I am generating binomially distributed random numbers using STL's 'random'. It becomes extremely slow when the range is big. For the range 40 it takes 12 seconds to generate 100 numbers. For bigger ranges time increases dramatically (I need ranges around 10000). It does not seem to depend on the probability parameter. I am using g++ 4.5.0.
#include <iostream>
#include <random>
using namespace std;
vector<int> v;
default_random_engine gen(123);
binomial_distribution<int> rbin(40,0.7);
int main(){
v.reserve(2000);
for(int i=0; i<100;++i){
v.push_back(rbin(gen));
}
}
Output:
50.~/.../fs/> g++ -std=c++0x q.cpp
51.~/.../fs/> time ./a.out
real 0m12.102s
user 0m12.094s
sys 0m0.002s
52.~/.../fs/>
I could use Normal approximation, but it is bad for extreme values of probability parameter.
Update:
With '-O3' option time becomes ~2 seconds. With g++ 4.6.3 the problem disappears entirely -- there is hardly any dependence of time on the range, and generation of 100 numbers takes 5ms.
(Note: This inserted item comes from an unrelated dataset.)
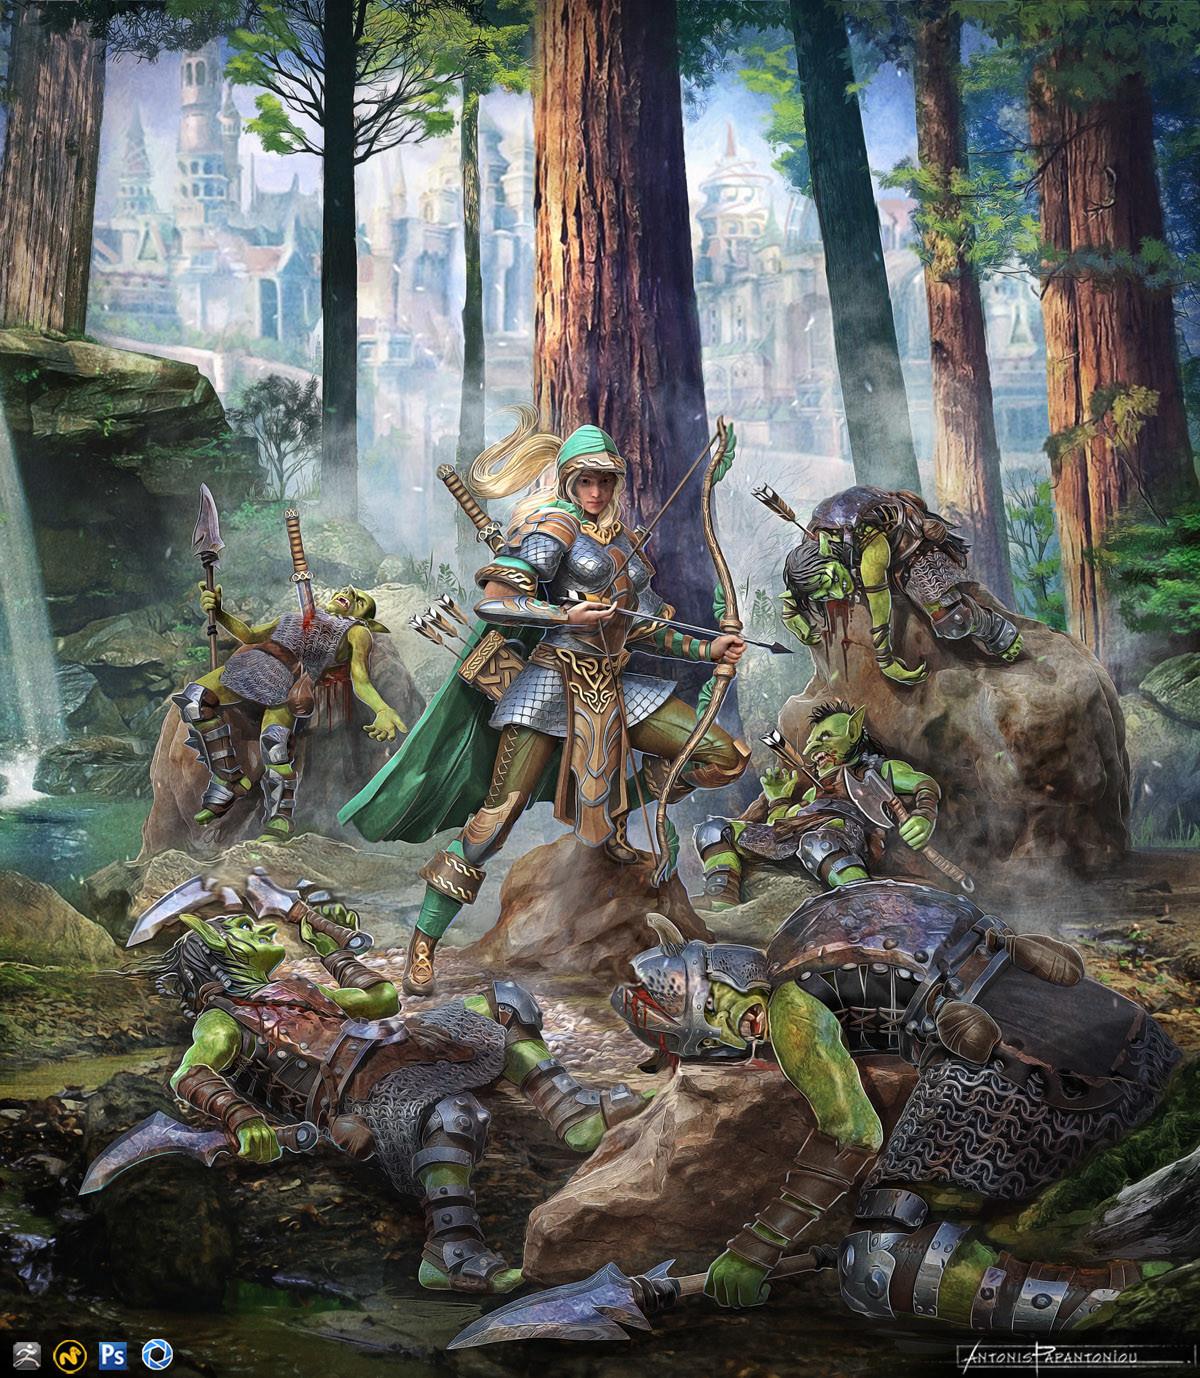 Antonis papantoniou forestsentinel

For large ranges, libstdc++ will use an efficient rejection algorithm (after Devroye, L. Non-Uniform Random Variates Generation), but only if C99 TR1 math is available (
_GLIBCXX_USE_C99_MATH_TR1
). Otherwise, it will fall back to a simple waiting time method, which will have performance linear in the range.I'd suggest checking the value of
_GLIBCXX_USE_C99_MATH_TR1
and whether performance improves on more recent versions of g++.You should be sure to enable optimization when performance matters.
Also you should take a look at the available random number engines and ensure you're using one that meets you performance/size/quality requirements.
If the problem truly is that
std::binomial_distribution::operator()
is not performing adequately you may have to use a different standard library implementation, or an alternative implementation ofstd::binomial_distribution
. boost should have an alternative implementation of<random>
which you should be able to use without too much trouble, libc++ also has an alternative implementation, but it will be more difficult to use because you'd have to replace the entire standard library implementation.